1925 Rodgers and Hart musical

Garrick Gaieties is a revue with music by Richard Rodgers and lyrics by Lorenz Hart, the first successful musical by this songwriting team.

It debuted in 1925 on Broadway and was the first of three Garrick Gaiety revues, which were subsequently produced in 1926 and 1930. The show parodied current subjects, such as the New York City Subway system and the Theatre Guild (producer of the show). The Garrick Gaieties is remembered as "bringing Rodgers and Hart their first major recognition." Their hit song "Manhattan" was introduced in this revue.

== Productions and history ==
The revue first opened on Broadway at the Garrick Theatre on May 17, 1925, as a 2-performance benefit for the Theatre Guild. The reviews were favorable, and Rodgers and others persuaded the Theatre Guild to continue the production, which re-opened on June 8, 1925 and ran until November 28, for 211 performances. Several writers contributed the material for the sketches, including Edith Meiser, Sam Jaffe, Benjamin Kaye, Morrie Ryskind and Howard J. Green.

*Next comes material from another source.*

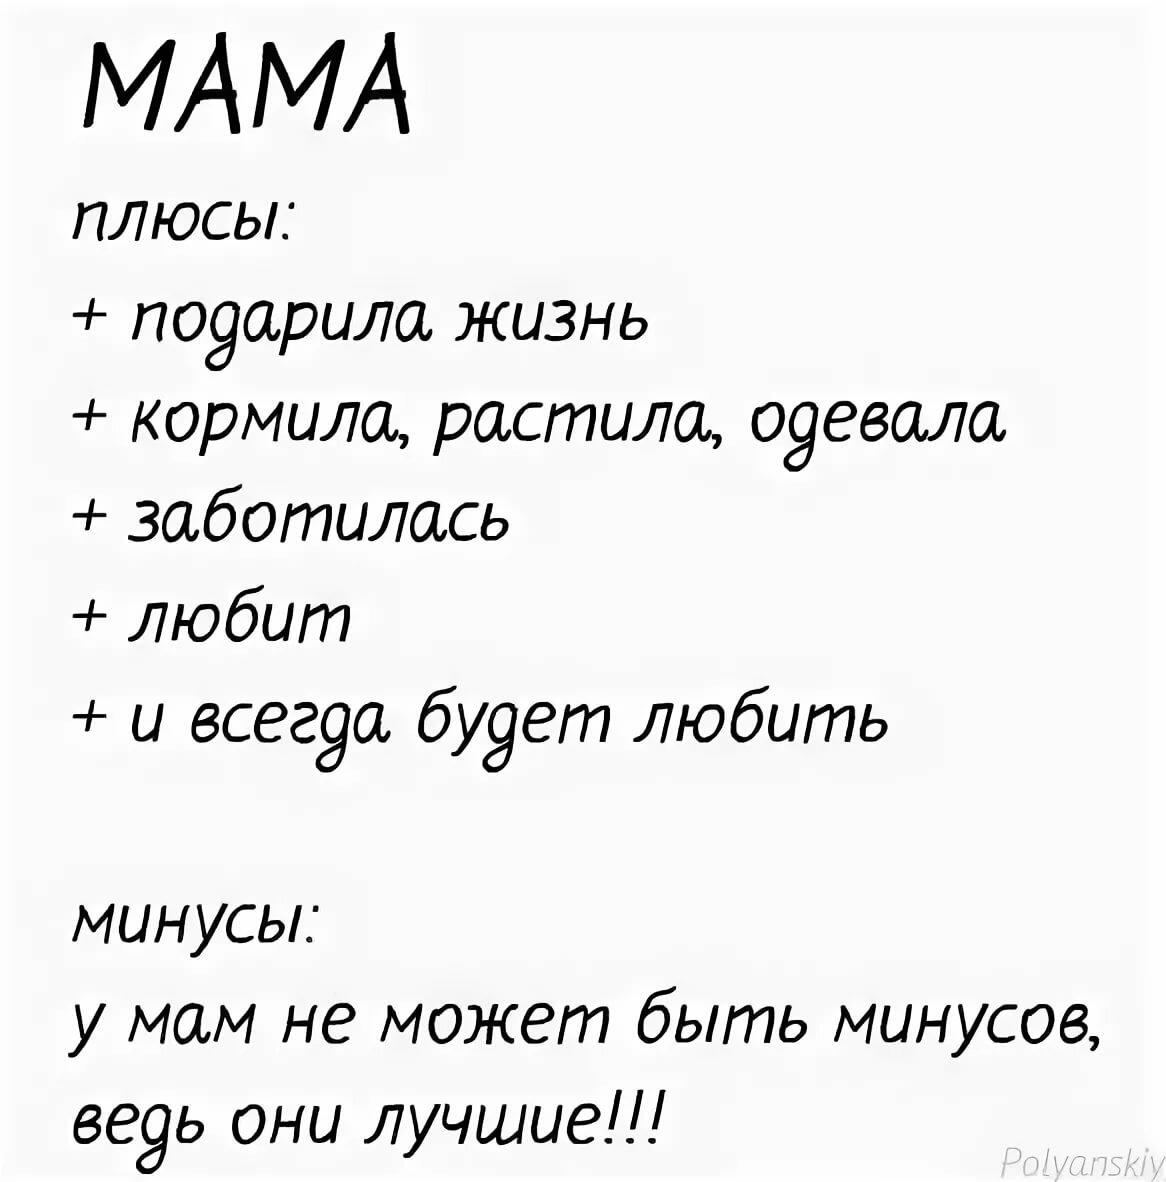 ближайшие картинки мама я тебя люблю со стихами фото

Directed by Philip Loeb with musical staging by Herbert Fields, the cast included Romney Brent, June Cochrane, Sterling Holloway, Libby Holman, Philip Loeb, Edith Meiser, Sanford Meisner, Betty Starbuck and Lee Strasberg.

=== Subsequent productions ===
There were two sequels, also titled Garrick Gaieties. They were produced on Broadway by the Theatre Guild with direction by Philip Loeb at the Guild Theatre, and opened, respectively, on May 10, 1926, June 4, 1930, and, in a return engagement for 10 performances, October 16, 1930. Sterling Holloway appeared in all of the sequels, and Edith Meiser appeared in all but the final one. Notable performers included Imogene Coca and Rosalind Russell. Ruth Tester sang, "Sing Something Simple". The costumes for the 1930 production were designed by Kate Drain Lawson and Louis M. Simon, and were made by Helene Pons Studio.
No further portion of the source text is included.